利用预测的局部结构进行折叠识别的隐马尔可夫模型：主链几何结构字母表

Hidden Markov models that use predicted local structure for fold recognition: alphabets of backbone geometry.

作者信息

Karchin Rachel, Cline Melissa, Mandel-Gutfreund Yael, Karplus Kevin

机构信息

Center for Biomolecular Science and Engineering, Baskin School of Engineering, University of California, Santa Cruz 95064, USA.

出版信息

Proteins. 2003 Jun 1;51(4):504-14. doi: 10.1002/prot.10369.

DOI:10.1002/prot.10369

PMID:12784210

Abstract

An important problem in computational biology is predicting the structure of the large number of putative proteins discovered by genome sequencing projects. Fold-recognition methods attempt to solve the problem by relating the target proteins to known structures, searching for template proteins homologous to the target. Remote homologs that may have significant structural similarity are often not detectable by sequence similarities alone. To address this, we incorporated predicted local structure, a generalization of secondary structure, into two-track profile hidden Markov models (HMMs). We did not rely on a simple helix-strand-coil definition of secondary structure, but experimented with a variety of local structure descriptions, following a principled protocol to establish which descriptions are most useful for improving fold recognition and alignment quality. On a test set of 1298 nonhomologous proteins, HMMs incorporating a 3-letter STRIDE alphabet improved fold recognition accuracy by 15% over amino-acid-only HMMs and 23% over PSI-BLAST, measured by ROC-65 numbers. We compared two-track HMMs to amino-acid-only HMMs on a difficult alignment test set of 200 protein pairs (structurally similar with 3-24% sequence identity). HMMs with a 6-letter STRIDE secondary track improved alignment quality by 62%, relative to DALI structural alignments, while HMMs with an STR track (an expanded DSSP alphabet that subdivides strands into six states) improved by 40% relative to CE.

摘要

计算生物学中的一个重要问题是预测基因组测序项目发现的大量假定蛋白质的结构。
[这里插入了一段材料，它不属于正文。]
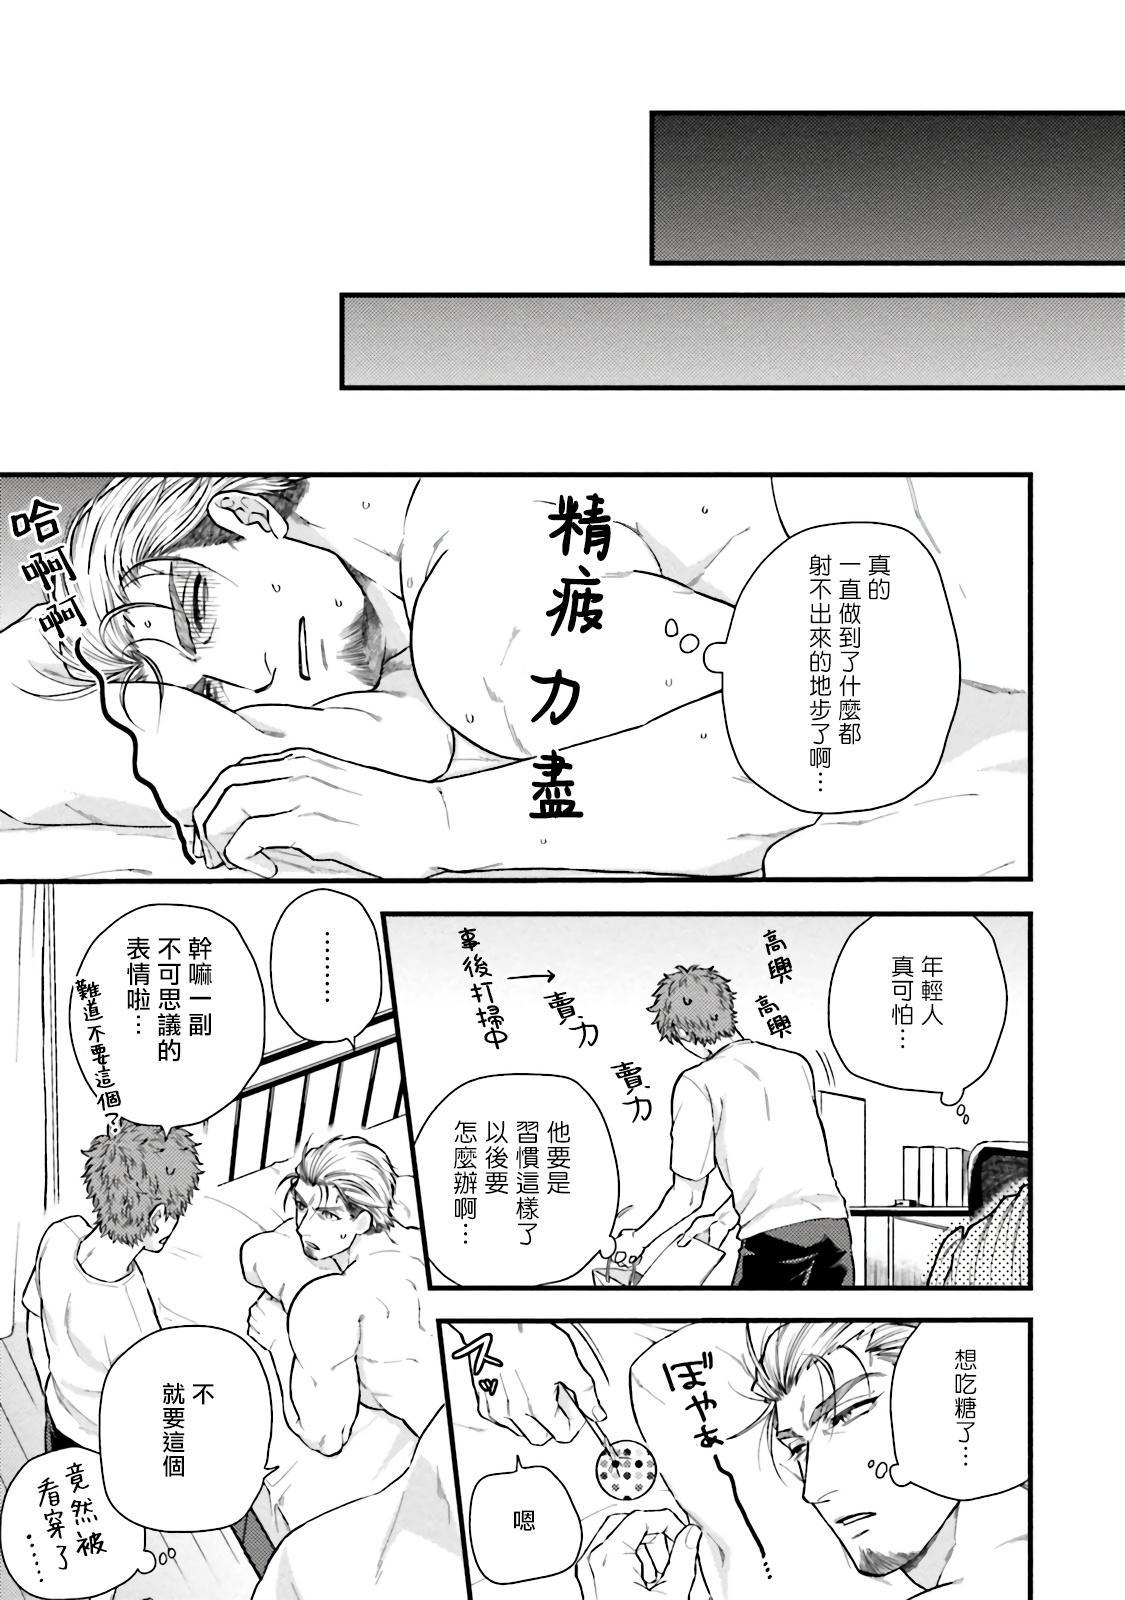 Kinou wa Otanoshimi Deshita ne | 昨天过得很愉快吧 Ch. 1-4+特典 81

折叠识别方法试图通过将目标蛋白质与已知结构相关联来解决这个问题，即搜索与目标同源的模板蛋白质。仅靠序列相似性往往无法检测到可能具有显著结构相似性的远缘同源物。为了解决这个问题，我们将预测的局部结构（二级结构的一种推广）纳入双轨轮廓隐马尔可夫模型（HMM）。我们没有依赖于二级结构简单的螺旋-链-卷曲定义，而是尝试了各种局部结构描述，并遵循一个有原则的协议来确定哪些描述对于提高折叠识别和比对质量最有用。在一个由1298个非同源蛋白质组成的测试集上，通过ROC-65数值衡量，纳入三字母STRIDE字母表的HMM比仅使用氨基酸的HMM提高了15%的折叠识别准确率，比PSI-BLAST提高了23%。我们在一个由200对蛋白质组成的困难比对测试集（结构相似，序列同一性为3%-24%）上，将双轨HMM与仅使用氨基酸的HMM进行了比较。相对于DALI结构比对，具有六字母STRIDE二级轨道的HMM将比对质量提高了62%，而具有STR轨道（一种扩展的DSSP字母表，将链细分为六个状态）的HMM相对于CE提高了40%。